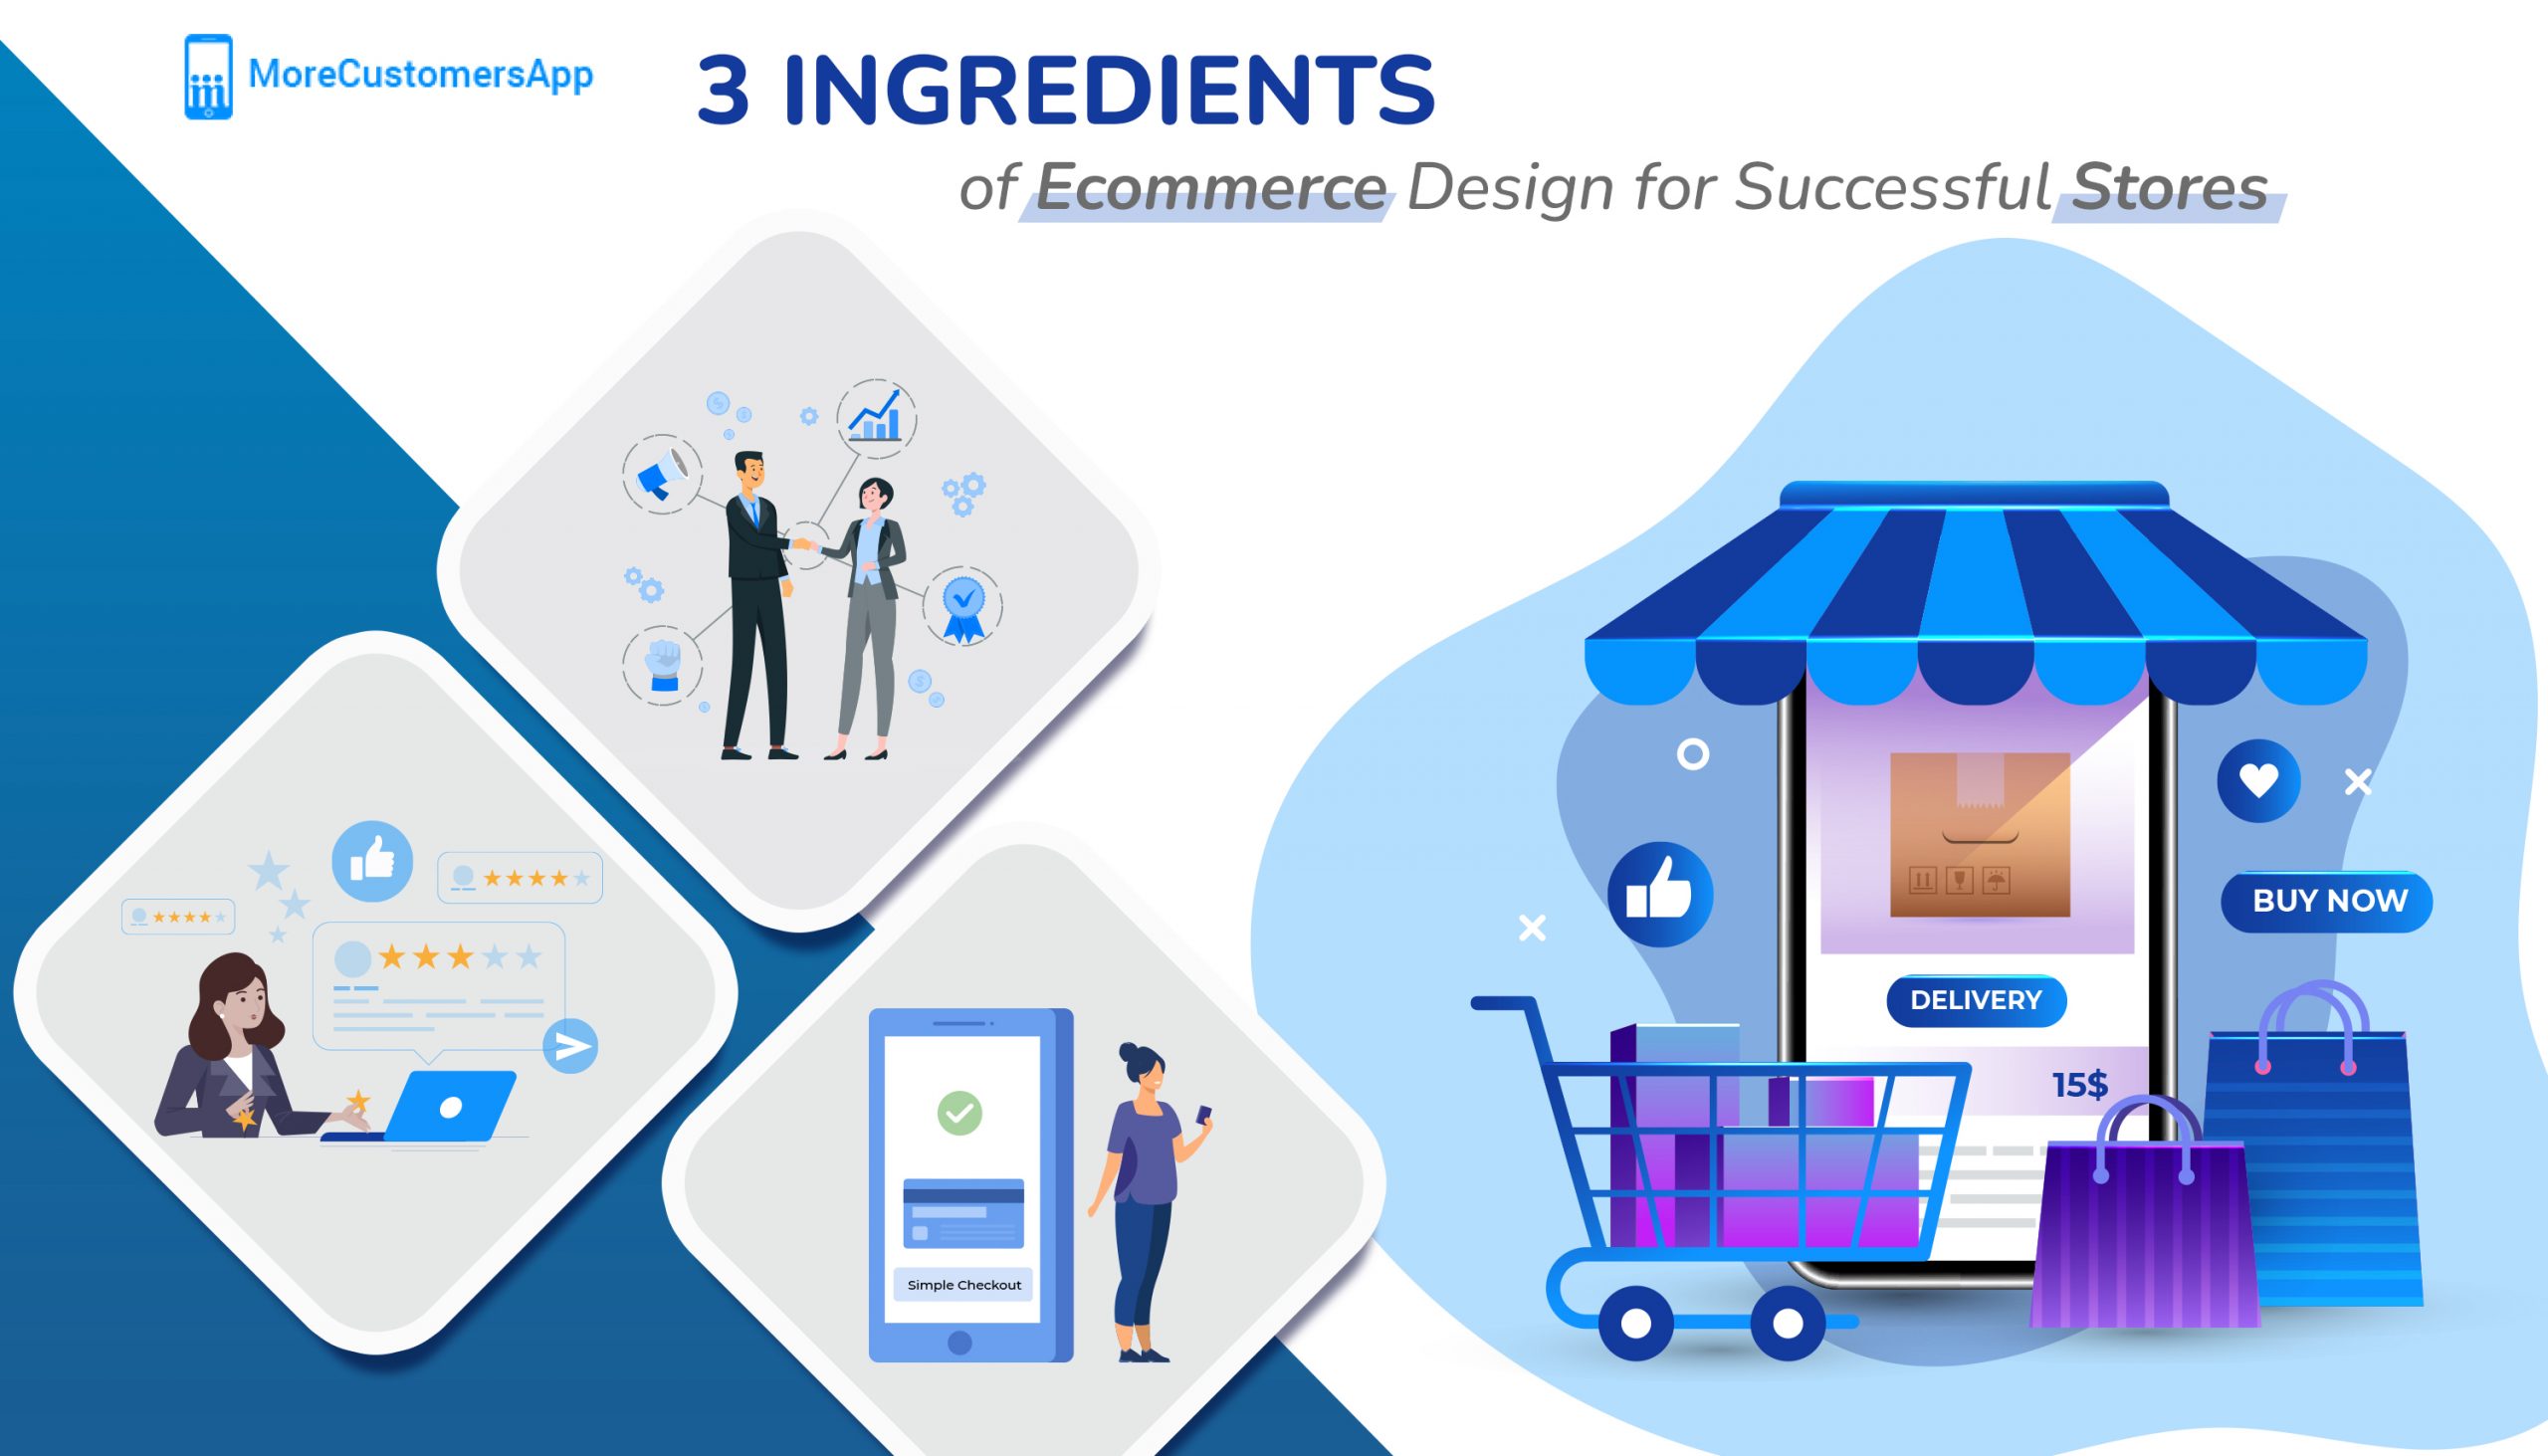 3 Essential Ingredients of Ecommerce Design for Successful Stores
...
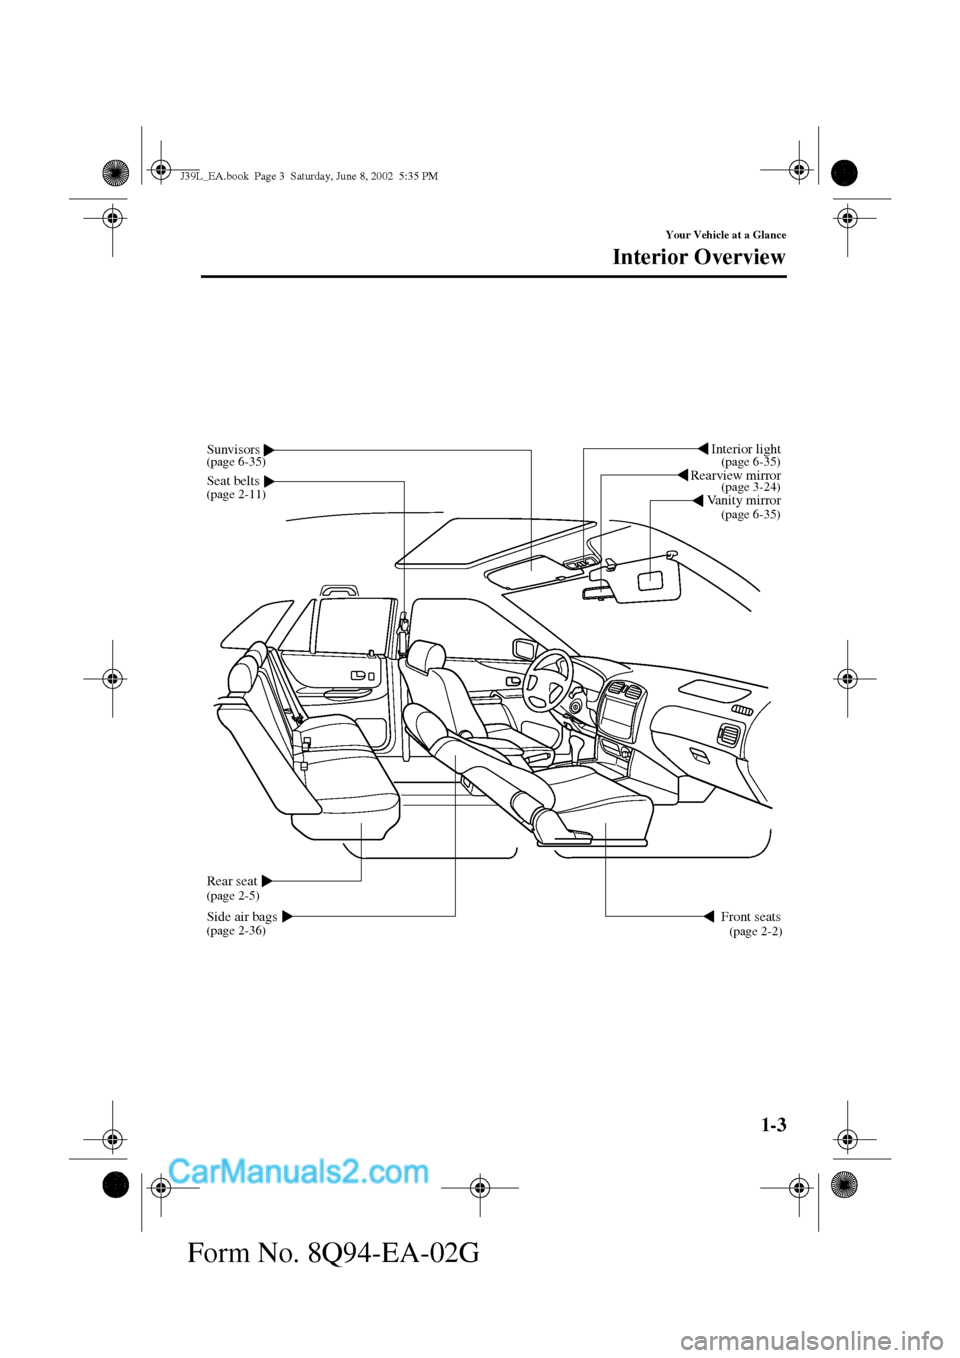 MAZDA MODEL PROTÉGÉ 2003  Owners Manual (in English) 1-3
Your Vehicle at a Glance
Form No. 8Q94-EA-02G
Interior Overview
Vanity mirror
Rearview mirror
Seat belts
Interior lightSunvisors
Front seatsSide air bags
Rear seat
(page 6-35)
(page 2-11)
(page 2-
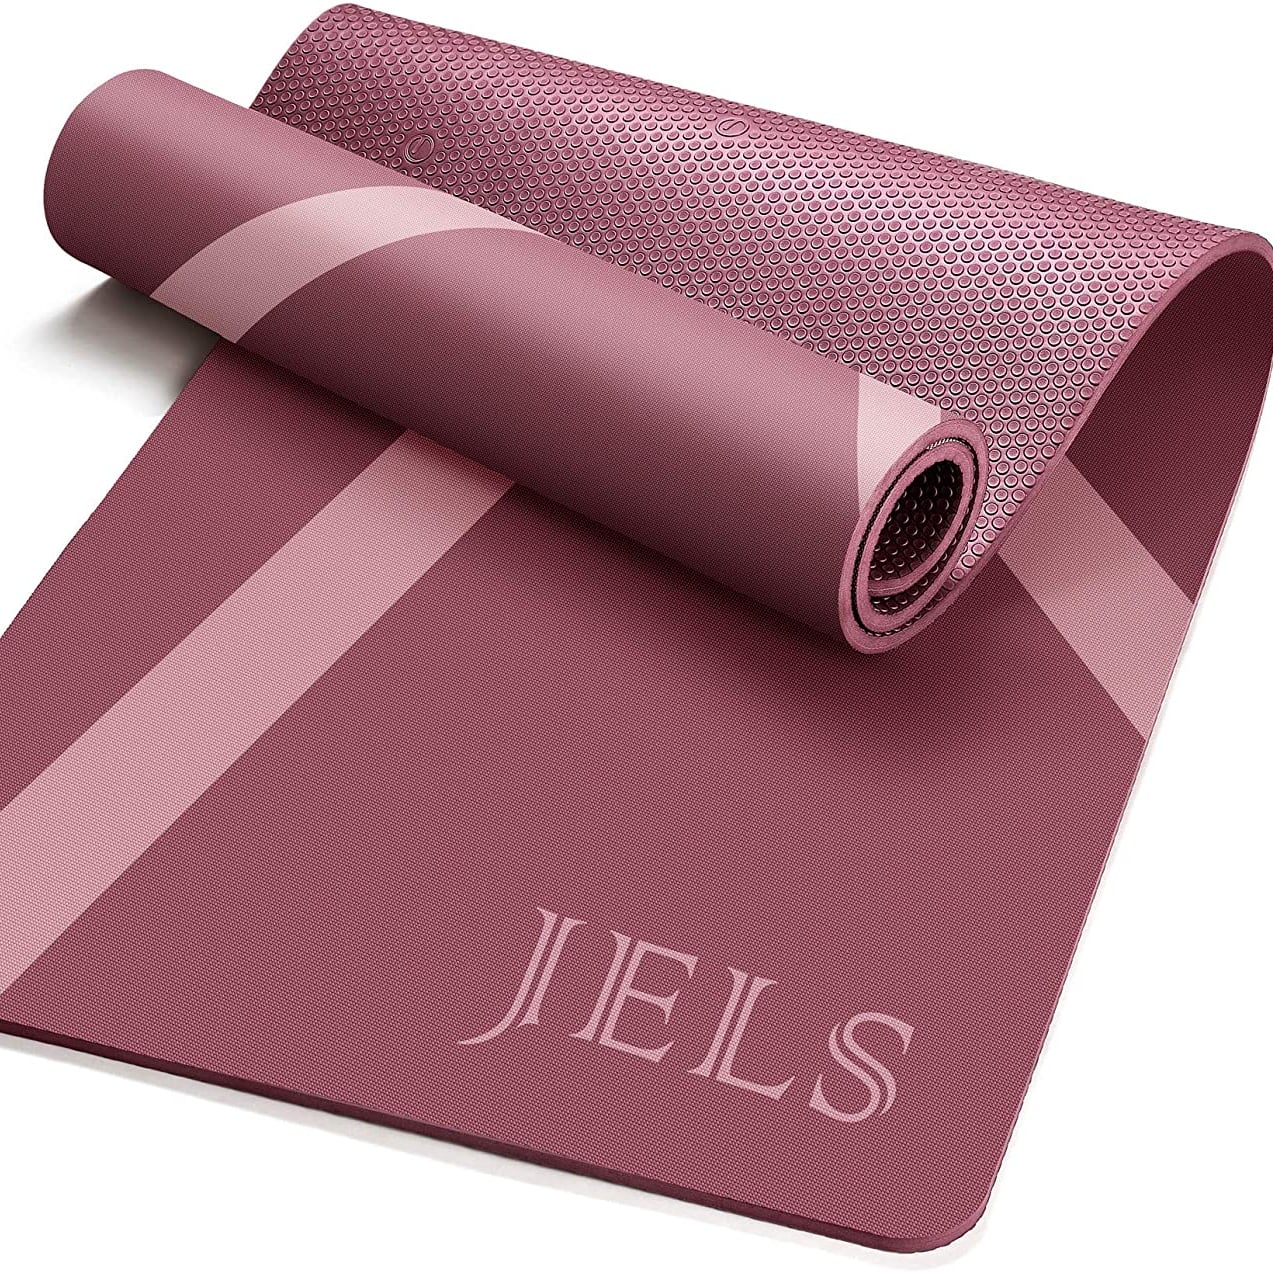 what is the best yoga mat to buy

▸ **YOUR GOAL**: Show the lines of the listing above with "Interior".

▸ **RESULT BELOW**:
Interior Overview
Interior lightSunvisors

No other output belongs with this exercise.